Era primer viernes del mes de junio en la iglesia de
San Felipe cuando el reloj marcó las seis y una carita se asomó por el altar.
No todos presenciaron el suceso, aunque había alrededor de unas veinte
personas.
Pronto la carita volvió a asomarse. Luego un brazo, el
otro brazo, una pierna y la otra. Era el niño Dios quien se había soltado de
los brazos de su madre para poder jugar. Ella lo vigilaba con atención desde el
campanario de la iglesia, mientras en su terso rostro se dibujaba una sonrisa.
Seguidamente, el niño dio un paseo por todo el templo. Bailó y cantó con las
canciones del coro parroquial y cuando ya estaba muy cansado decidió tomar una
siesta en uno de los tantos corazones que allí se encontraban.
Como primera opción optó por el de un señor de mediana
edad. Un hombre alto, moreno y bastante serio. Le pareció bien y en él se
acomodó, pero luego sintió frío, y sin encontrar algo de calor, dejó en él una
rosa blanca y salió de inmediato. La flor floreció, pero debido al helaje se
congeló y al caer se destrozó completamente.
El segundo que visitó fue el de una señorita, quien,
al comienzo de la misa, parecía agitada y alegre, pero al entrar notó que había
poca visibilidad y dentro soplaba una brisa fría. Dejó de nuevo una
rosa blanca y se marchó. Esta nunca floreció, a falta de luz se quedó pequeña.

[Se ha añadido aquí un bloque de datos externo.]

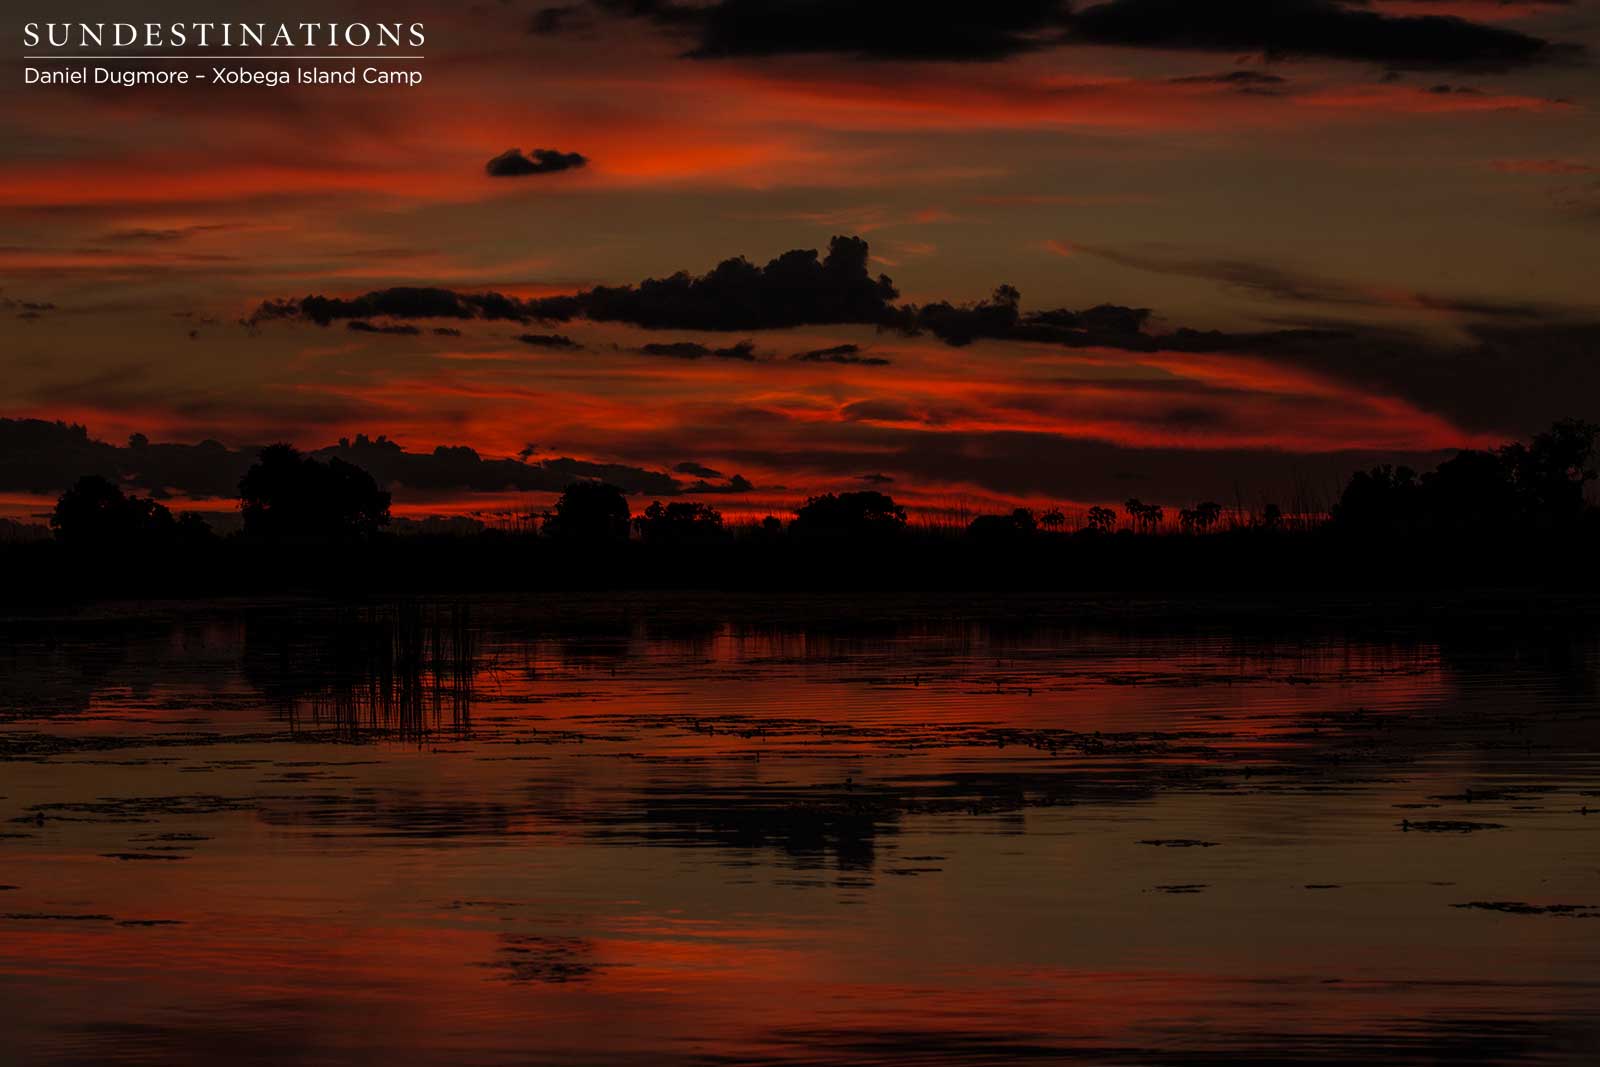 A fiery sunset ending another day in the Okavango Delta, beautifully.

Al salir se dio cuenta de que la señorita se había quedado dormida. Indignado,
hizo un gesto de disgusto y siguió buscando.
Así continuó de corazón en corazón, esperando hallar
uno adecuado para reposar. En cada corazón que iba visitando dejaba una rosa
blanca como recuerdo de su madre y con la esperanza de que floreciera algún
día.
Ya triste y cansado de buscar, hizo una última parada,
y vaya que tuvo suerte esta vez, qué corazón tan cálido había encontrado. Le
pertenecía a un niño que escuchaba con atención las palabras del sacerdote.
Allí el niño Jesús se sintió tan a gusto que se quedó dormido.
Al terminar la misa se despertó, dejó una rosa blanca
y se despidió. Luego volvió a los brazos de su madre y juntos volvieron al
reino de los cielos.
Aquella rosa blanca fue creciendo. Su belleza fue tal,
que fue admirada tanto en el cielo como en la tierra.